Learning more about the kinds of jobs that are out there could help you to focus your skills and training more effectively
By way of an icebreaker for this skills-focused blog, see what you make of the following job titles…
- Senior safeguarding manager
- MS dynamics CRM developer
- Head of storytelling
- Full-stack programmer
- Growth hacker
Somewhat niche-sounding, wouldn’t you agree? Indeed, to anyone who hasn’t been schooled in the relevant fields, it wouldn’t be 100% clear at first glance what those titles even mean – let alone what kind of skills you’d need to carry out the actual jobs. So before we go on, allow me to be of service…
A senior safeguarding manager is a child-protection post that typically exists in social-welfare charities, and is worth between £30k and £40k a year. An MS dynamics CRM developer role requires technical, software-based skills that could earn an experienced contractor £350 to £500 per day. Head of storytelling is an increasingly common job type within content marketing, describing someone who blogs, tweets and stages long-term campaigns to build a narrative of a company’s success; a three-days-a-week role in that vein, advertised earlier this year by recruitment firm Digital Mums, offered a decent, pro-rata annual salary of £40k.
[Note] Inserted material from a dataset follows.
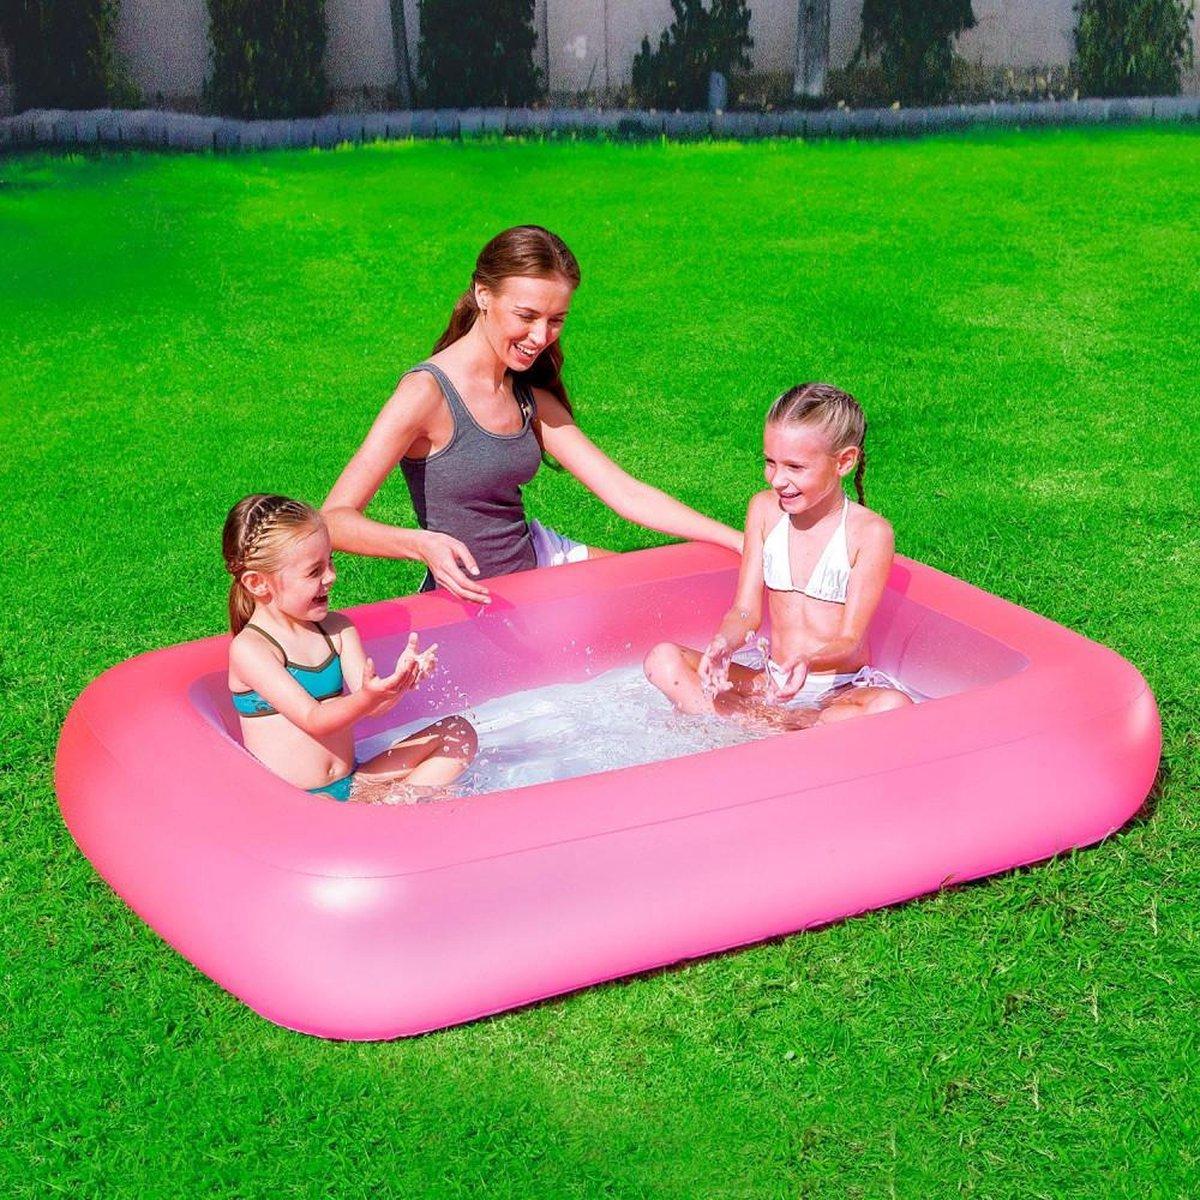 Opblaasbaar Kinder Zwembad Rechthoekig van Bestway - Peuter - Kinder - Baby - Zwembad - Kinderzwembad - Zwembadje - Speelzwembad - Buitenzwembad - Opblaas Zwembad - Roze - Rechthoek - 165 cm x 25 cm -102 Liter

Full-stack programmers command a median salary of £47,500, according to ITJobsWatch.co.uk – as befits experienced software techs who can create and manage every level of a digital experience, from the back end that operators work with to the front end that users see. And growth hackers, who blend skills from technology and marketing to increase a brand’s customer base, tend to net anything between £35k and £50k per annum, if recent ads are anything to go by.
So, what does all that tell us?
First of all, that our increasingly fast-paced world is becoming ever more reliant upon specialist skills areas and technical know-how, as organisations look to strengthen their hands in specific fields.
Secondly, that this is producing a wave of ever more technical job categories, replete with non-traditional-sounding titles that may, on the whole, seem a little confusing – even to those who, at best, sort of get the gist.
Thirdly, that a lack of knowledge about the markets that exist for our skills and talents may be preventing us from putting them to use in tangible and successful ways. There may be open goals out there that we’re not even aware of – jobs that could make perfect matches for our CVs, and bring in healthy salaries.
Textiles manufacturer Stormline had a bit of fun with this recently, publishing an online quiz on job titles that asked people to see if they could figure out which of a listed selection were real, and which were taken from Hollywood films.
According to its results, more than 75% of participants were unable to correctly identify whether the given titles were real or fictional, getting at least one wrong. Ironically, the real titles were quoted from the Home Office In-Demand list: a record of hard-to-fill jobs in the UK economy that the government advertises to stimulate interest from overseas professionals with the necessary skills.
Living in the future
There are two, crucial issues here. On the one hand, job titles – and job ads in general – could do with some serious de-cluttering on the jargon front. But on the other, applicants can’t just carry on in ignorance of the types of jobs that are developing out there in the employment landscape. They need to find out about them – just like I found out about the job types I listed at the beginning of this blog.
Amid the rapid growth of new technologies – whether we’re talking about software, or new hardware-based industries like 3D printing – the mantra that’s emerging from employers and workplace experts time and again is that, in five to 10 years’ time, the schoolchildren of today will be doing jobs that haven’t even been invented yet.
But this birth of new jobs in new technologies for a new era has already been underway for some time. Disciplines are now emerging that require an in-depth knowledge of two or more specialist fields that haven’t cross-pollinated to such a large extent before. For example, artificial intelligence is becoming a major force in the legal and accountancy sectors; as we speak, there’s a growing need for legal professionals and accountants who have more than a passing familiarity with sophisticated types of intuitive software. This is one of those moments when you realise you’re living in the future.
Essentially, it’s not enough to simply accrue talents and skills. You have to know how they can be applied in practical terms, too.
I would therefore say that it’s incumbent upon professionals to research different job types in their specialist fields, and find out what those jobs involve. That will encourage individuals to think more carefully about how they could deploy their skills and insights within those jobs. Once armed with that knowledge, professionals may also find that they will begin to have more and more ideas about which existing skills they should hone and refine, and which new ones they should acquire. That will lead them to think about their learning and development in far more strategic ways.
In addition, if you nurture a habit of constantly keeping tabs on different job types, it’s unlikely that you will find job searches as alienating or off-putting as they can sometimes be if they’re done only every six or 12 months. The problem with that “every once in a while” approach is that whenever you dip back in after a long absence, the job titles and requirements would have moved on quite dramatically from the last time you checked.
This applies every bit as much to new entrants to the jobs market as it does to seasoned career-builders. I have always found it very interesting that when you ask any young person about their future career ambitions, they see their options as somewhat limited. The truth is, there are already tens of thousands of possible avenues to explore, with weird and wonderful new occupations being created every day.
It is better to find out what they are than get left behind.